The present study hypothesized that the H₂O₂ generated by MnTMPyP/AA results in the Fenton reaction [Fe(II) + H₂O₂ → Fe(III) + HO^• + OH⁻] in the presence of Fe(II), which is enhanced by AA that recycles Fe(III) to Fe(II). First, this hypothesis was tested in a simplified in vitro cell-free system that contained the above agents dissolved in PBS at concentrations similar to those used in the cytotoxicity studies (Tables 1 and 2). As a positive control, there was a large increase of HO^• within 1 hour of combining AA, Fe(II), and H₂O₂ (Fig. 5A1). In the absence of AA, the reaction rate was relatively low and only became detectable after 12 hours (Fig. 5A1 and Supplemental Fig. S7, available online at www.liebertonline.com). Because trace amounts of Fe were present in the system, when Fe was omitted from this mixture, HO^• generation was only partially decreased. However, adding the iron chelator desferrioxamine (DFO) completely blocked HO^• generation.
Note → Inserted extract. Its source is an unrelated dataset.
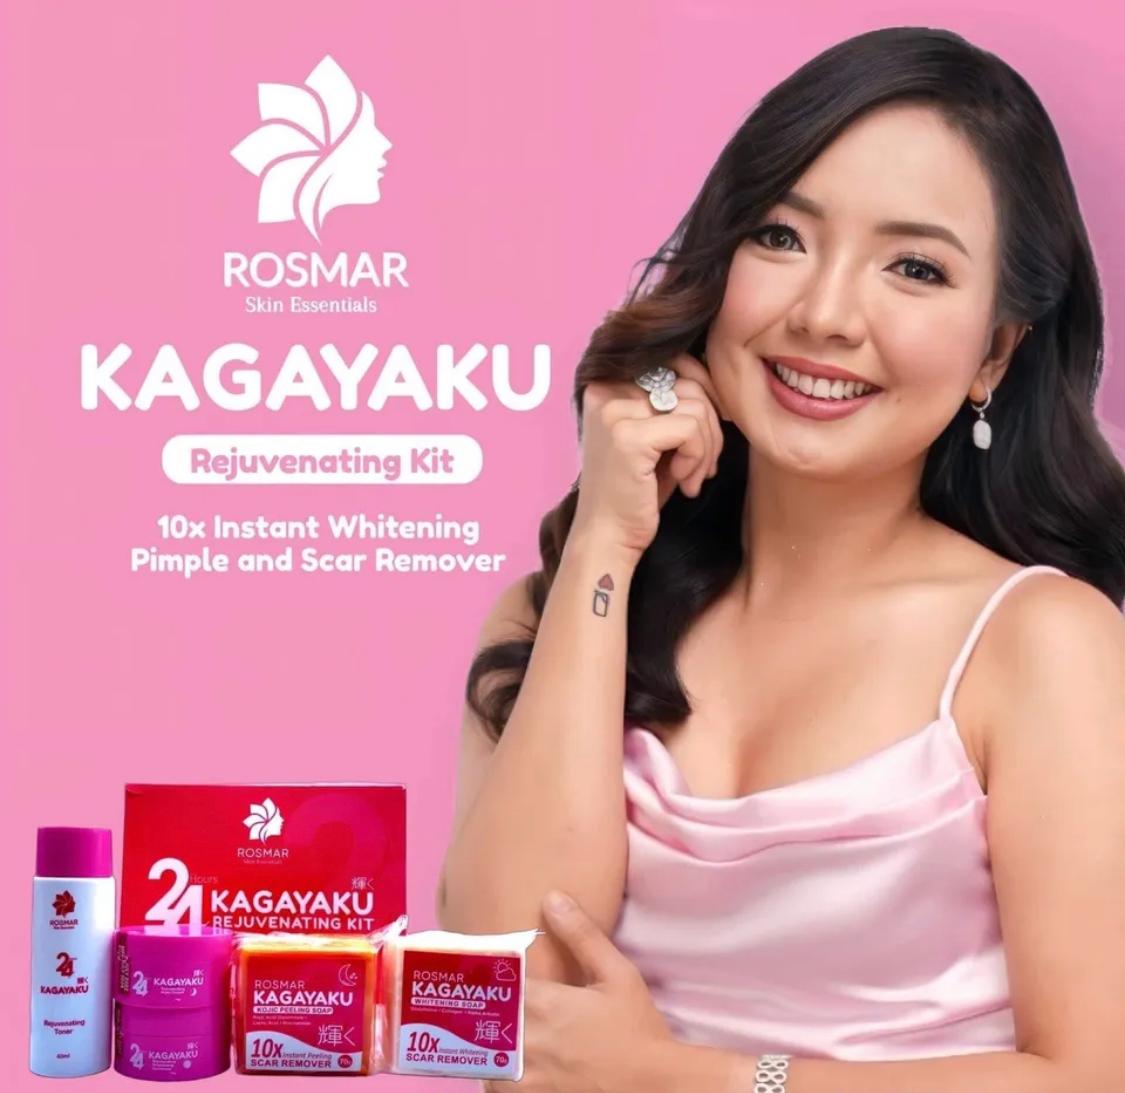 Rosmar Kagayaku Rejuvenating Set: A Fantastic Skincare Solution

As expected, when H₂O₂ in the mixture of AA, Fe(II), and H₂O₂ was replaced by MnTMPyP, HO^• generation was still observed and occurred in a MnTMPyP dose-dependent manner (Fig. 5A2), indicating that the H₂O₂ generated by MnTMPyP and AA enhanced the Fenton reaction. In the absence of MnTMPyP, HO^• generation was detectable but relatively low (Fig. 5A2).

FIG. 5.

MnTMPyP and AA synergism was dependent on the Fenton reaction. (A) HO^• generation in cell-free reactions containing Fe (FeSO₄ · 7H₂O, 5 μM), AA (1 mM), DFO (10 mM), and DMSO (HO^• scavenger, as negative control, 0.67 M), in the presence of different concentrations of H₂O₂ (A1) or MnTMPyP (A2). The reaction rate was measured using the terephthalic acid assay and expressed as ΔRFU after 1 hour of incubation. (B) PC-3 cells were pretreated with dipyridyl (100 μM), DFO (100 μM), or EDTA (100 μM) for 2 hours and then treated with M (MnTMPyP, 1 μM) and the above chelators for 1 hour, in the presence of different concentrations of AA. (C) PC-3 cells were pretreated with mannitol (10 mM), melatonin (1 mM), or benzoic acid (5 mM) for 1 hour and then treated with MnTMPyP (1 μM)/AA (0.5 mM) and the above HO^• scavengers for 1 hour. In B and C, cell growth was measured using the 3-(4,5-dimethylthiazol-2-yl)-2,5-diphenyltetrazolium bromide assay at 3 days after treatment and expressed as the mean of OD (B) or % OD relative to control (without AA treatment) (C). p < 0.01 (one-way ANOVA) for the difference among tested groups in C. *Significant difference (p < 0.01, Tukey post hoc test) versus MnTMPyP/AA alone. (D) Proposed mechanisms for the synergistic effect of AA and MnTMPyP. Me, metal; Mn, MnTMPyP; HA⁻, AA at pH = 7; MnTMPyP, Mn(III) tetrakis(N-methylpyridinium-2-yl)porphyrin⁵⁺; AA, ascorbic acid; DFO, desferrioxamine; HO^•, hydroxyl radical; H₂O₂, hydrogen peroxide.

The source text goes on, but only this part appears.